### Input data
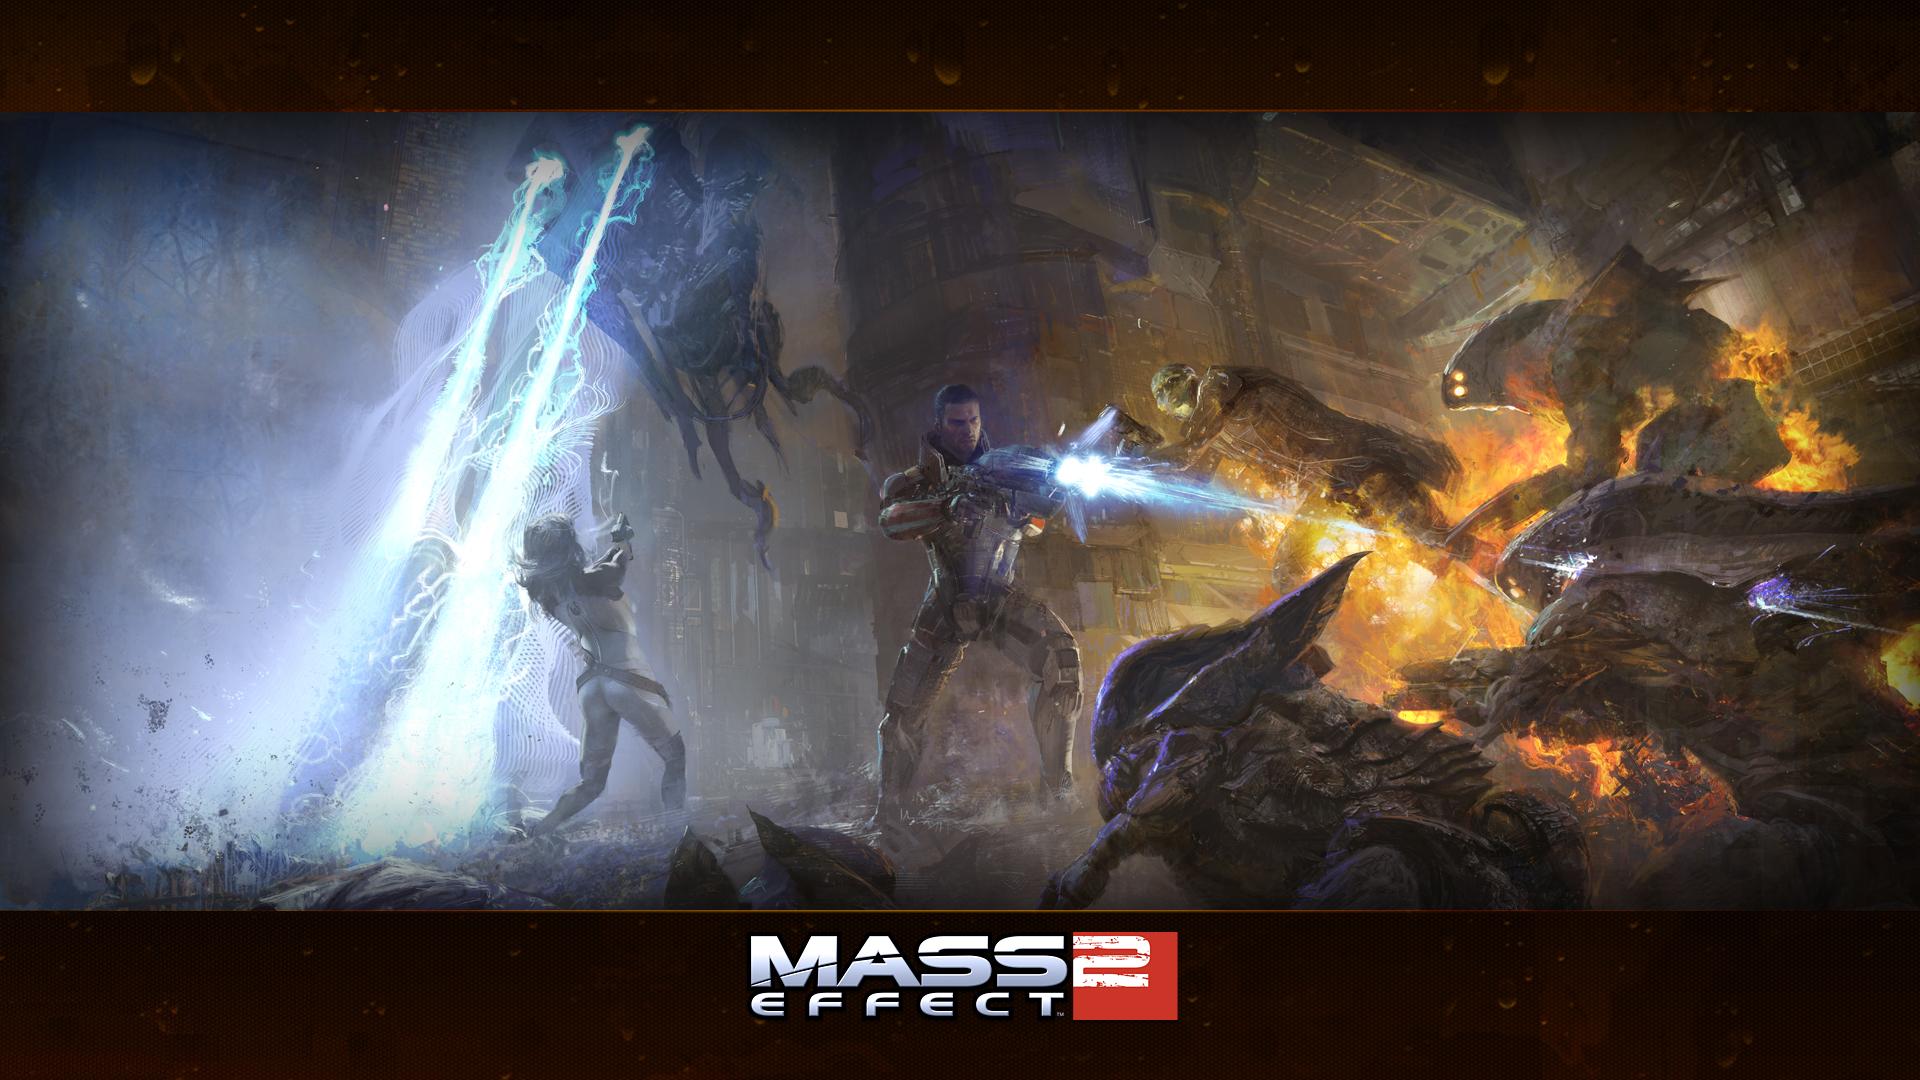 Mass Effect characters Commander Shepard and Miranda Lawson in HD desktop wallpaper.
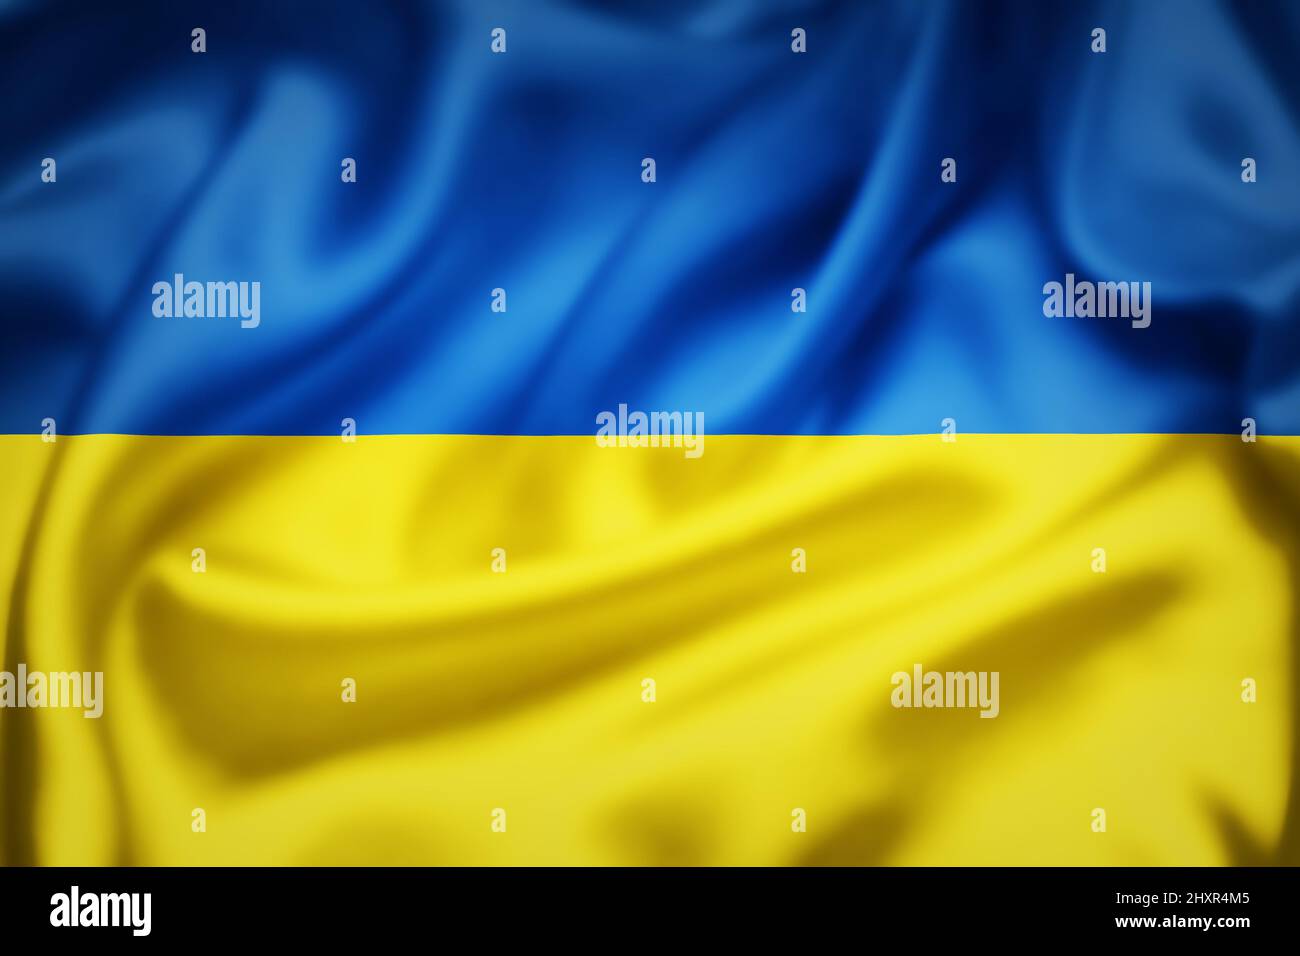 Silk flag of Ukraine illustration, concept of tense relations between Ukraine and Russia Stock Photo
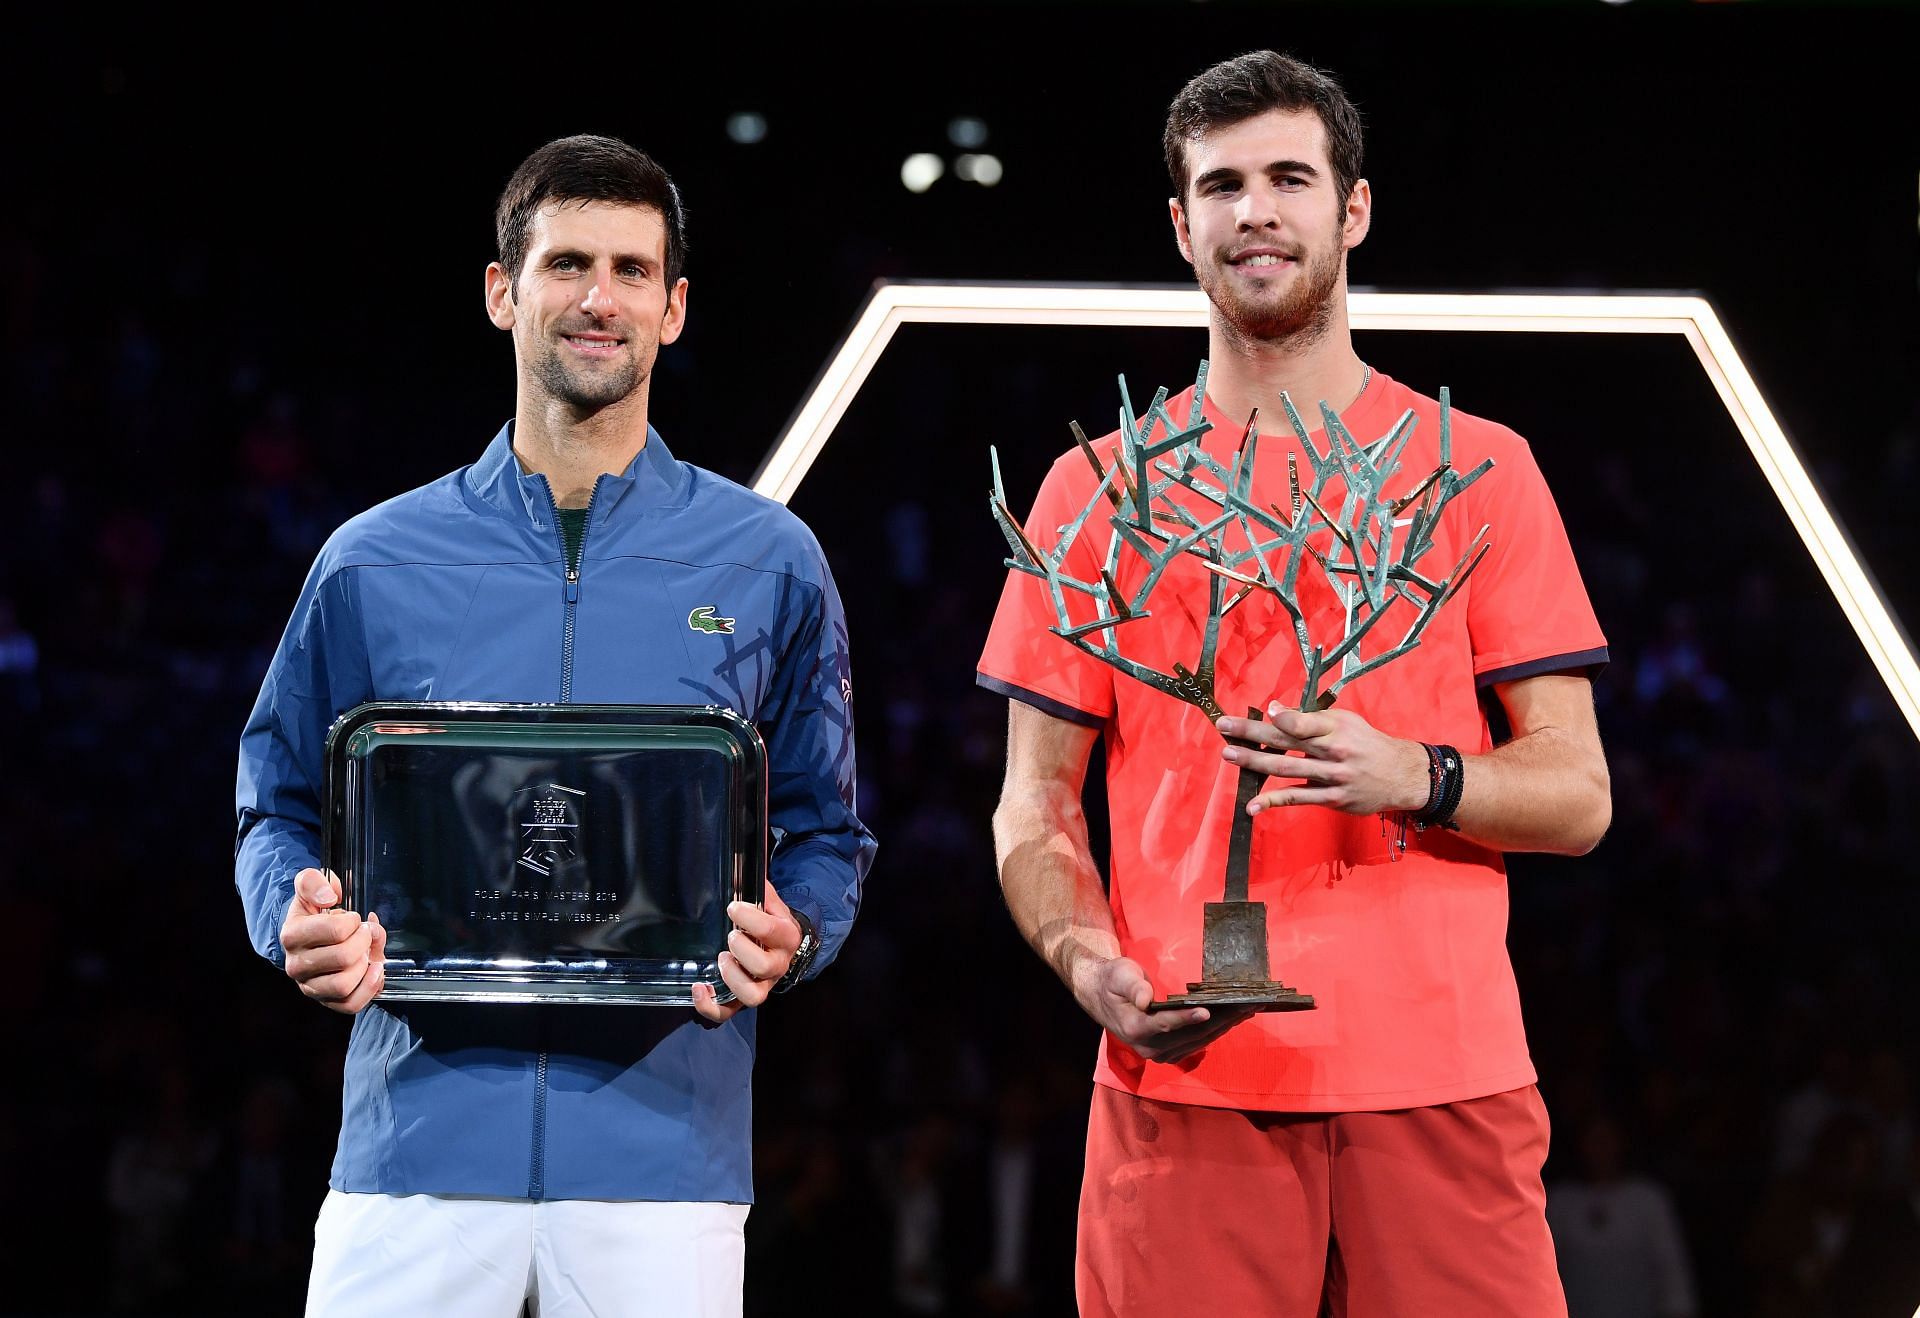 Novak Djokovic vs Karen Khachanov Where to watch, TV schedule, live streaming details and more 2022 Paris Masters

### Problem to solve
Counting the line with "Silk flag of" and the last line of the data above, transcribe those two lines and every line between them exactly, without the pictures.

### Your solution
 Silk flag of Ukraine illustration, concept of tense relations between Ukraine and Russia Stock Photo
 Novak Djokovic vs Karen Khachanov Where to watch, TV schedule, live streaming details and more 2022 Paris Masters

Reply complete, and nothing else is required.